Epic showdown: Two teams built the same product with and without AI

Summary

Engineers at WillowTree have been using AI tools like GitHub Copilot and Chat-GPT since they first arrived on the scene. As these tools become more advanced and prevalent, we wanted to explore how exactly they add value to our teams.

To learn more about the effects of AI tools on engineering velocity and product results, WillowTree organized a case study in which two teams built the same product over the course of six days. One team was encouraged to use AI tools such as GitHub Copilot and Chat-GPT in their development process, while the other team didn’t use AI at all.

At the end of the case study, the AI team had completed 11 user stories, while the no-AI team completed 9, indicating that AI tools can help to improve productivity. We found a possible trade-off between velocity and product quality, as the AI team had a few more minor defects in their final product. However, it’s important to note that various confounding variables could have affected the results, discussed in more detail below. 

In terms of AI use cases, engineers reported that GitHub Copilot was the most useful tool for daily tasks, significantly speeding up velocity by autocompleting tests and tedious, boilerplate code. Chat-GPT was also helpful, particularly when used to learn about an established technology. However, Chat-GPT hallucinated answers and lacked up-to-date knowledge. For more accurate responses to complex questions, engineers preferred using Phind, an AI-powered developer search engine.

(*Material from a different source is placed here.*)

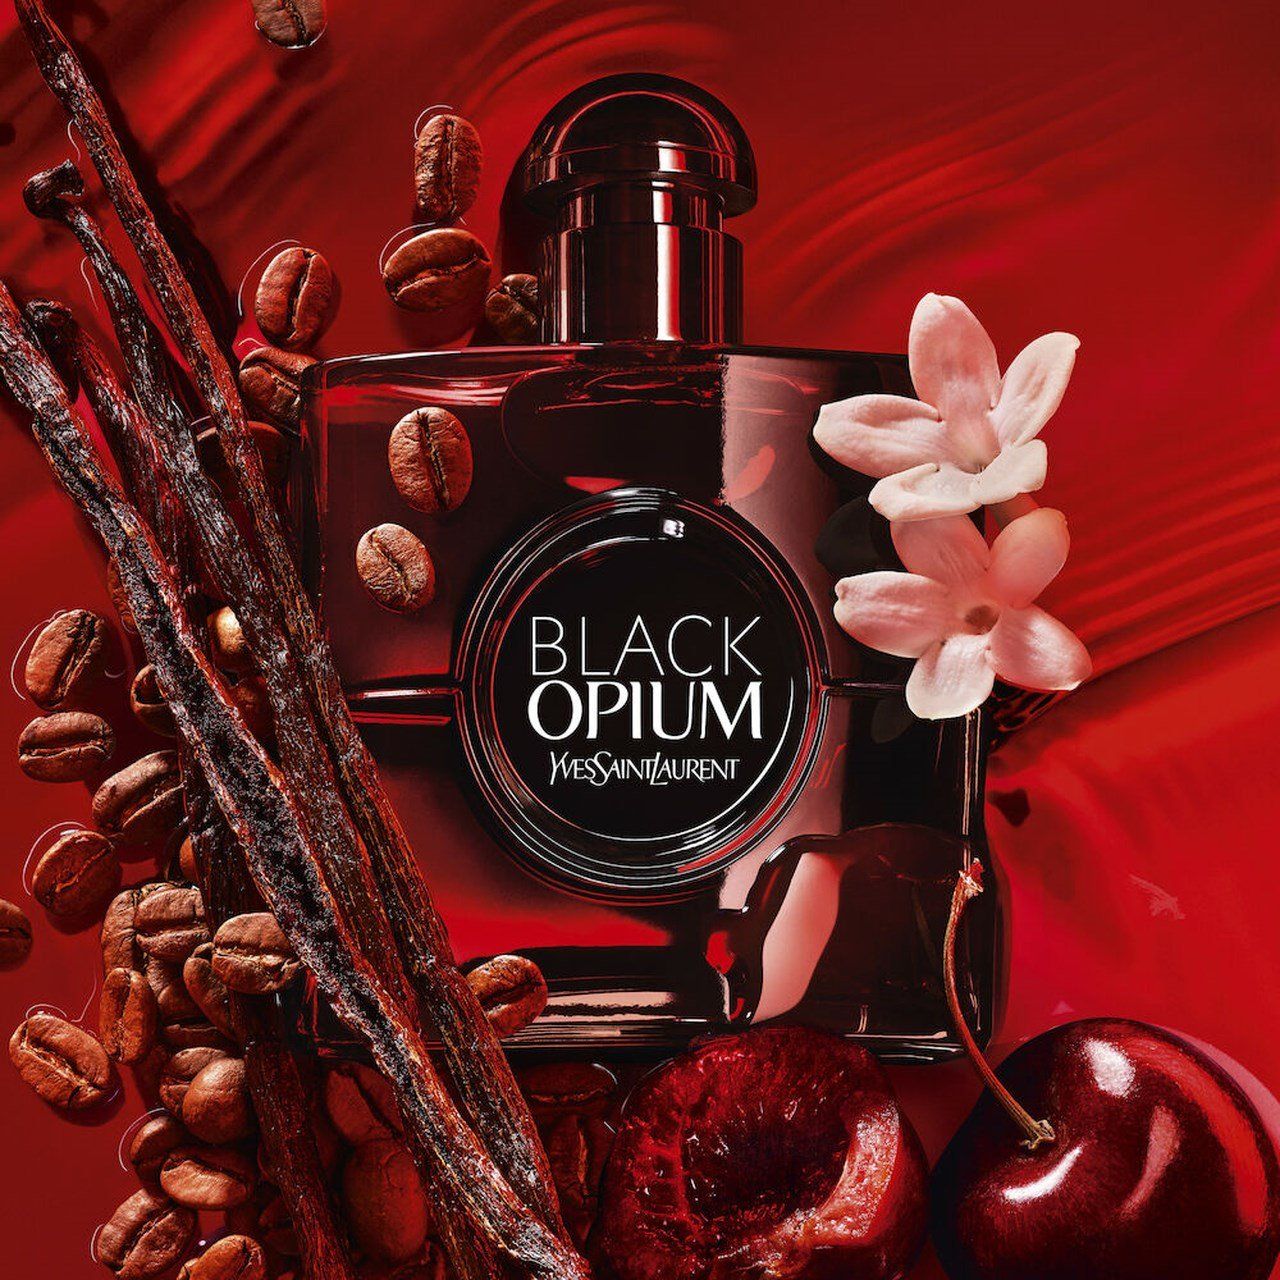 Black Opium Over Red: Dark Chocolate With a Crunch! ~ Fragrance Reviews

As AI technologies become a more and more prominent part of the developer experience and everyday life, it’s important to try to gain a deeper understanding of how they can affect our workstyle and product outcomes. We are all hearing the hype about tools like GitHub Copilot and Chat-GPT, and WillowTree teams are already using them on most of our projects. But how exactly do they add value to a team, and to what degree? In an effort to measure this, WillowTree recently recruited a few unallocated team members for an “experiment” that would help us learn more about the current state of AI tools, how to best leverage them, and their effects on developer experience and velocity. In this article, I’ve put together some of the most important learnings and takeaways from the experience. Although this case study was a first iteration and our results aren’t quite ready to be carved in stone, I believe we gathered some pretty valuable and interesting insights.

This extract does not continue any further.